How micro-finance institutions beat nationalised banks

In his budget speech, the Finance Minister hailed bank nationalization as visionary and revolutionary. Yet nationalized banks have, by and large, not reached the poor. However, micro-finance is now reaching people whom nationalized banks could not.

Households getting micro-credit now outnumber poor households. Outstanding micro-finance loans total 80 million. Some borrowers have multiple loans, so net beneficiaries may total 60 million households. This is more than the 55 million poor households, and more than a quarter of India’s 220 million households.

Of course, many poor households are still left out, while non-poor households have got loans. MFIs have yet to reach or saturate large areas in India. But they are spreading fast across most states.

I am a co-promoter of three MFIs: Arohan in Kolkata, Sonata in Allahabad and Mimoza in Dehra Dun. Within 39 months of existence, Arohan has reached 100,000 poor women. The three MFIs together have 250,000 borrowers, and within three years should reach one million people. In another three years they may reach one million each. I am astounded that small ventures can scale up so fast.

When launched, these MFIs expected to lose money for four years. But they broke even after two years, because loan defaults were below 0.5% against the expected 2%.

Once, MFIs started with loans of Rs 3,000 in the first year, going up to Rs 4,000 in the second year, and so on. But now some MFIs start with Rs 10,000, go up to Rs 15,000 the next year, and soon.

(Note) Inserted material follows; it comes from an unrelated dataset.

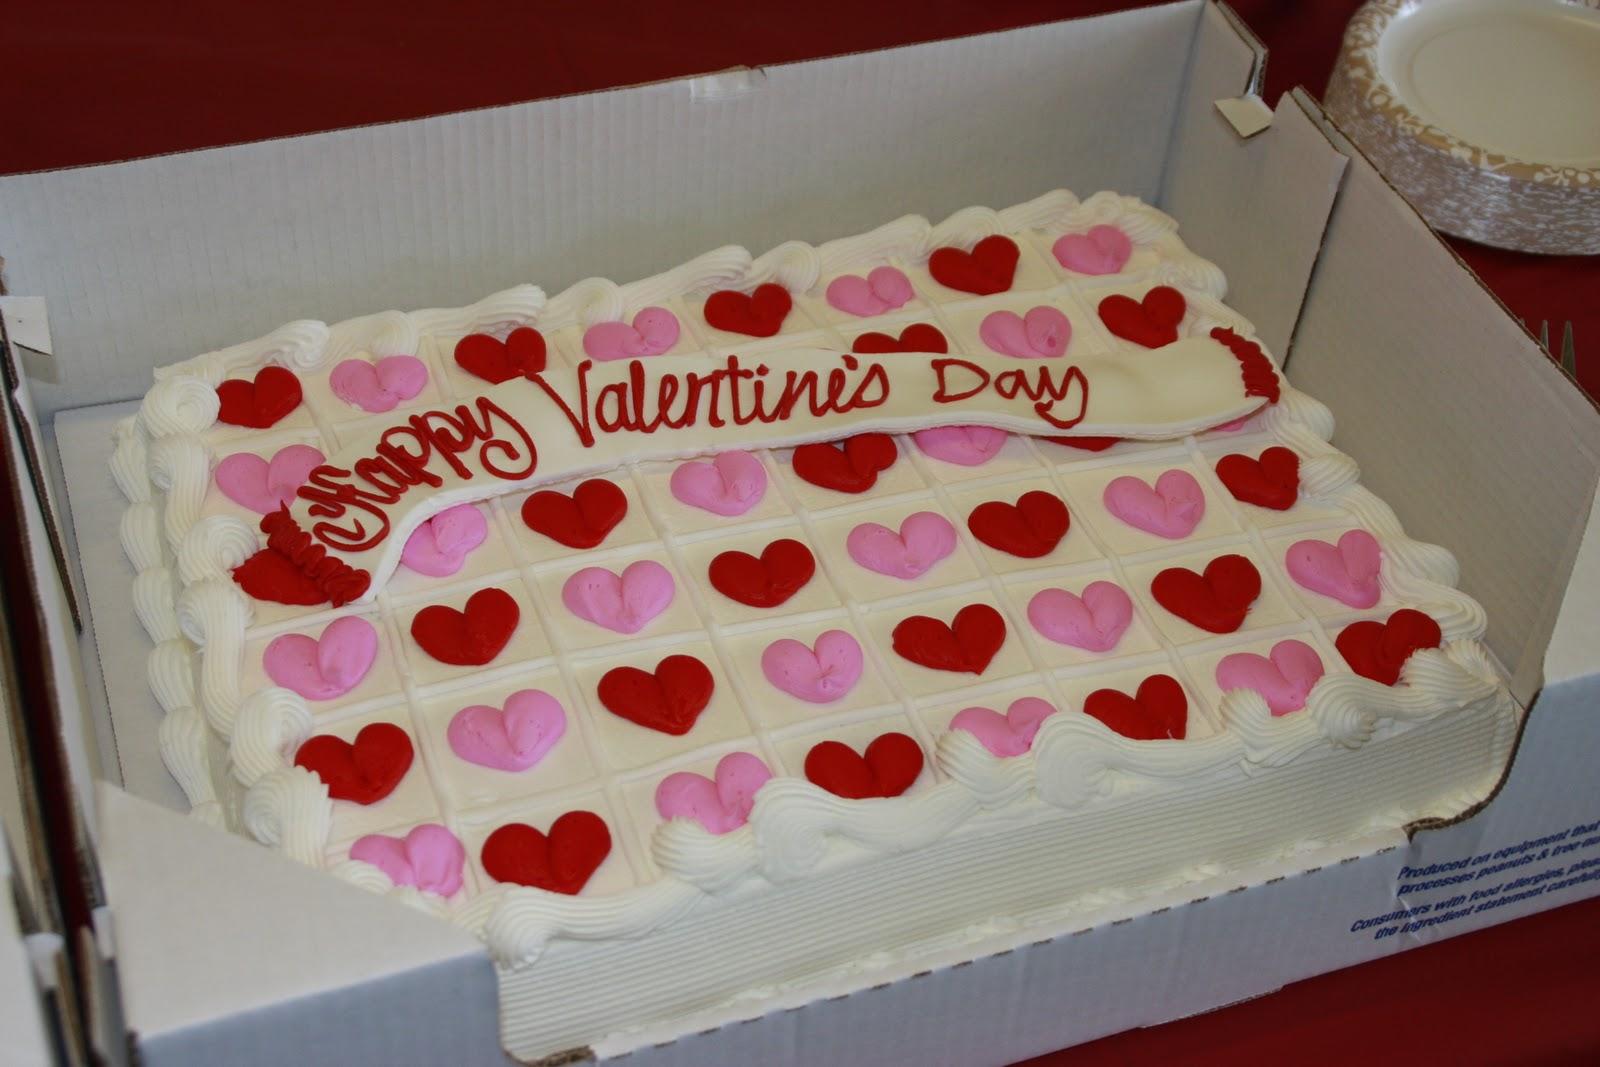 Happy 10th Anniversary Cake Ideas and Designs

They typically charge around 30% interest. This looks usurious. But moneylenders lend at 50% or more, seize the land of defaulters and make them bonded labourers. MFIs, by contrast, rely on group lending for repayment. If one member of a joint lending group defaults, the others cannot get credit, so they put social pressure on the defaulter to pay up.

Credit card companies charge an annual fee plus interest at around 30%. MFIs, like credit-card companies, give small, unsecured loans, and their interest rates are no higher. In both cases the interest rate reflects the high cost of handling very small loans.

Some advocates claim that micro-loans convert poor women into entrepreneurs and greatly reduce poverty. Alas, that’s a gross exaggeration. Loans of Rs 5,000 at 30% interest cannot end poverty.

Many studies (like a recent one of Hyderabad’s slums by Bannerjee, Duflo, Glennerster and Kinnan) show no short-term link between micro-credit and poverty or consumption. Only one in five loans in Hyderabad created new businesses. Still, beneficiaries spent more pushcarts and cooking pans (for new businesses) and less on tobacco and alcohol. Localities with MFI branches had one-third more businesses than others. In due course, this could have a significant impact on poverty.

Poor people have demonstrated an insatiable appetite for micro-loans, and repay them. This proves there is great demand, and that it’s viable. Even if it does not reduce poverty immediately, mere access to finance is a boon.

Banks lose heavily in small loans to the poor—their wages are five times higher than in MFIs, and politicians encourage poor borrowers to default. These two problems, plus corruption, sank the Integrated Rural Development Programme, which provided subsidized microcredit through nationalized banks in the 1980s. Banks now give loans to MFIs (classified as a priority sector), which then led to the poor. This raises interest costs, but has proved viable.

New problems are cropping up with MFI expansion. Without technical assistance, some businesses fail. Competition in some states is so intense that MFIs accuse rivals of stealing their clients through unethical offers. Some women have borrowed from four or more different MFIs, and could get into debt traps, which also hit MFIs through higher defaults. Moneylenders are said to have entered the MFI business, using thugs rather than group loyalty to enforce payment. Some private equity funds are investing in MFIs, fuelling misgivings that these have become purely commercial and shed their original social mission.

These misgivings are legitimate but exaggerated. Microfinance will always differ from commercial ventures in one respect—the loans go almost entirely to women. Although many husbands appropriate the money, MFIs nevertheless confer status and power on women in a country with oppressive male domination. That’s a huge social change.

In Bangladesh, where microfinance originated, female empowerment has spurred higher women’s education and falling fertility. Mullahs have attacked MFI offices as threats to traditional male and religious dominance. Even if microfinance does not create instant poverty reduction, it creates profound social and gender changes. That makes it doubly inclusive. For that reason alone, micro-finance achieves what nationalised banks cannot.